At first glance, it would appear that the new medication was at least partially successful since the number of those who took it and improved (62) was greater than the number who took it and did not improve (38). But a type of statistical test called a chi square test will give a more precise answer. The chi square test involves comparing the observed frequencies in Table 2 with a set of expected frequencies that can be calculated from the number of individuals taking the tests. The value of chi square calculated can then be compared to values in a table to see how likely the results were due to chance or to some real effect of the medication.
Another common technique used for analyzing numerical data is called the correlation coefficient. The correlation coefficient shows how closely two variables are related to each other. For example, many medical studies have attempted to determine the connection between smoking and lung cancer. The question is whether heavy smokers are more likely to develop lung cancer.
One way to do such studies is to measure the amount of smoking a person has done in her or his lifetime and compare the rate of lung cancer among those individuals. A mathematical formula allows the researcher to calculate the correlation coefficient between these two sets of data—rate of smoking and risk for lung cancer. That coefficient can range between 1.0, meaning the two are perfectly correlated, and −1.0, meaning the two have an inverse relationship (when one is high, the other is low).
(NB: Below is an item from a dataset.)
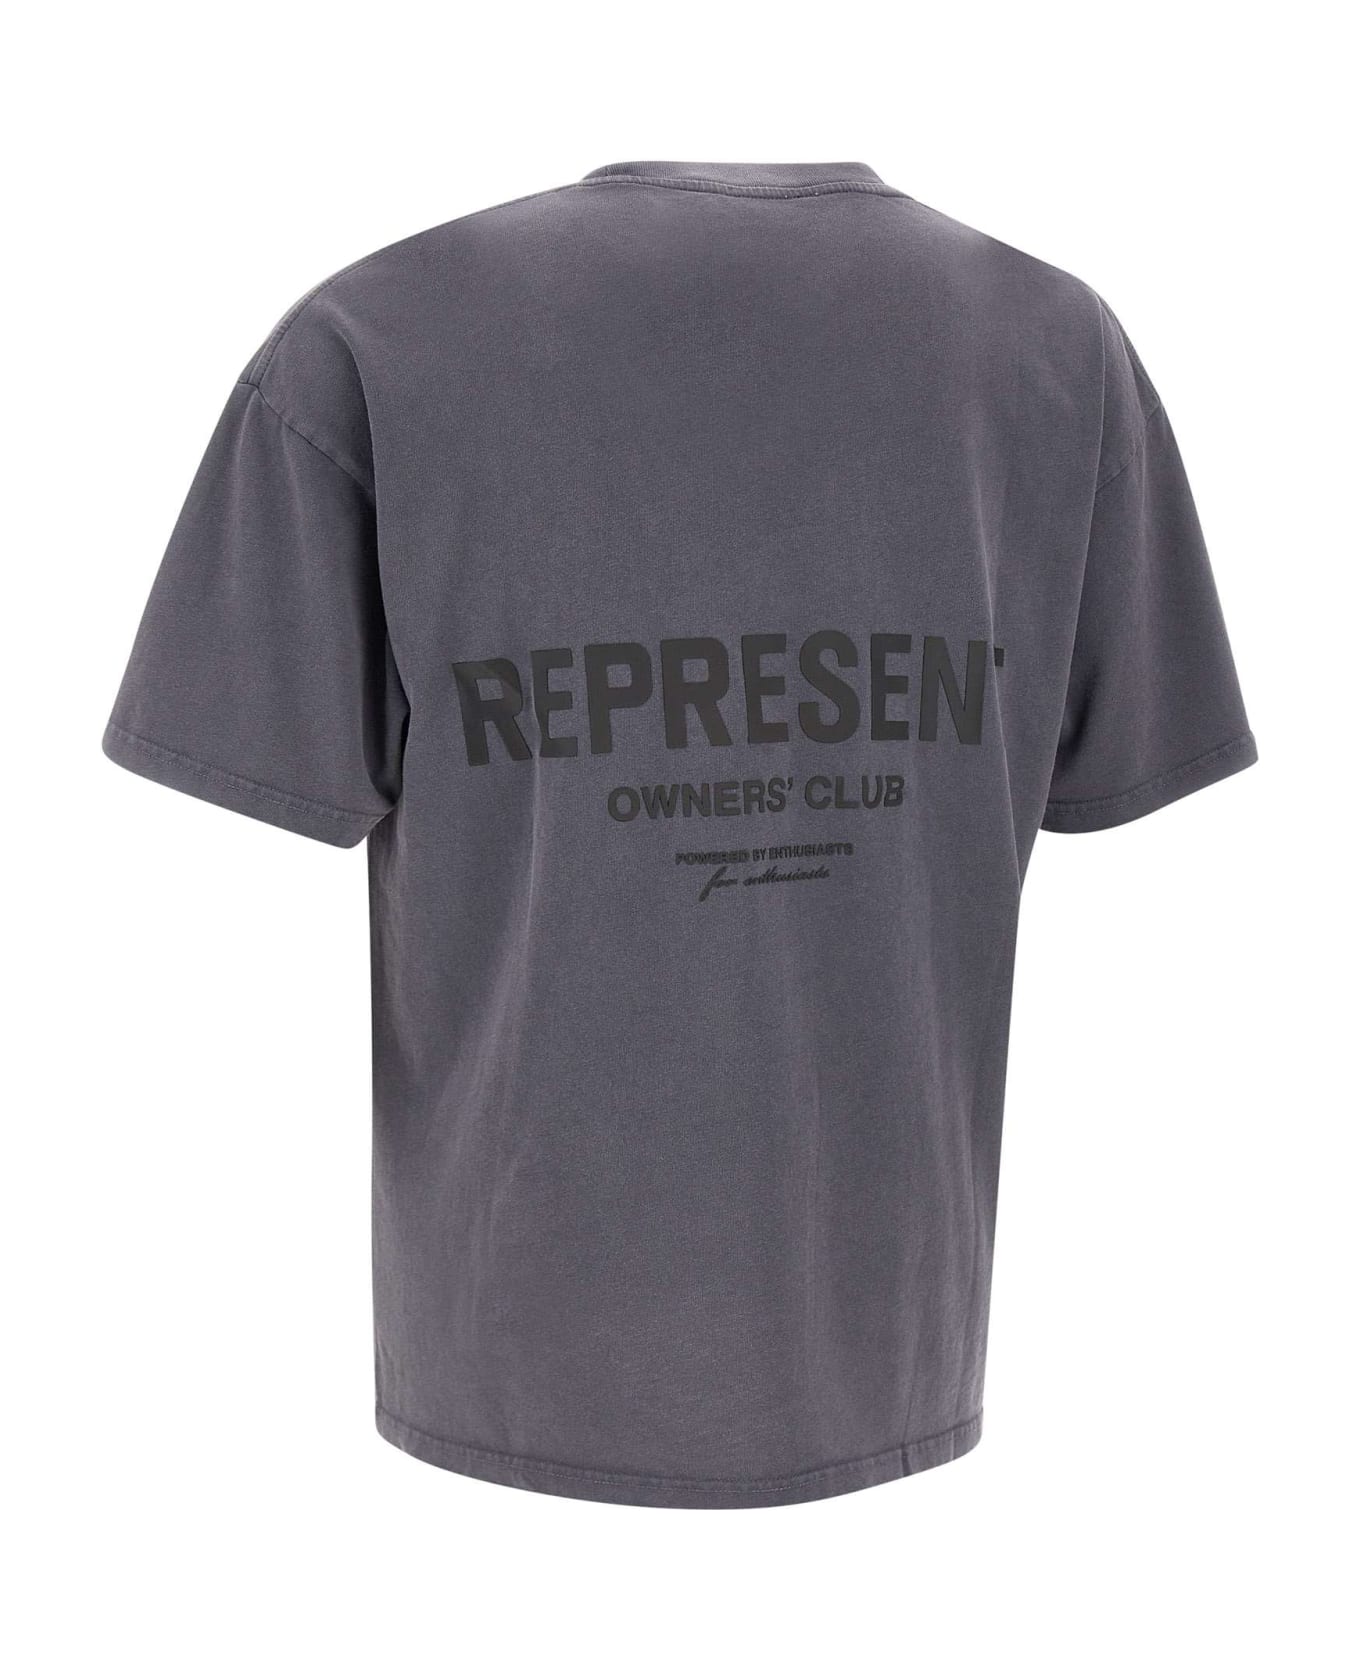 REPRESENT "owners Club" Cotton T-shirt - GREY

The correlation test is a good example of the limitations of statistical analysis. Suppose that the correlation coefficient in the example above turned out to be 1.0. That number would mean that people who smoke the most are always the most likely to develop lung cancer. But what the correlation coefficient does not say is what the cause and effect relationship, if any, might be. It does not say that smoking causes cancer.
Chi square and correlation coefficient are only two of dozens of statistical tests now available for use by researchers. The specific kinds of data collected and the kinds of information a researcher wants to obtain from these data determine the specific test to be used.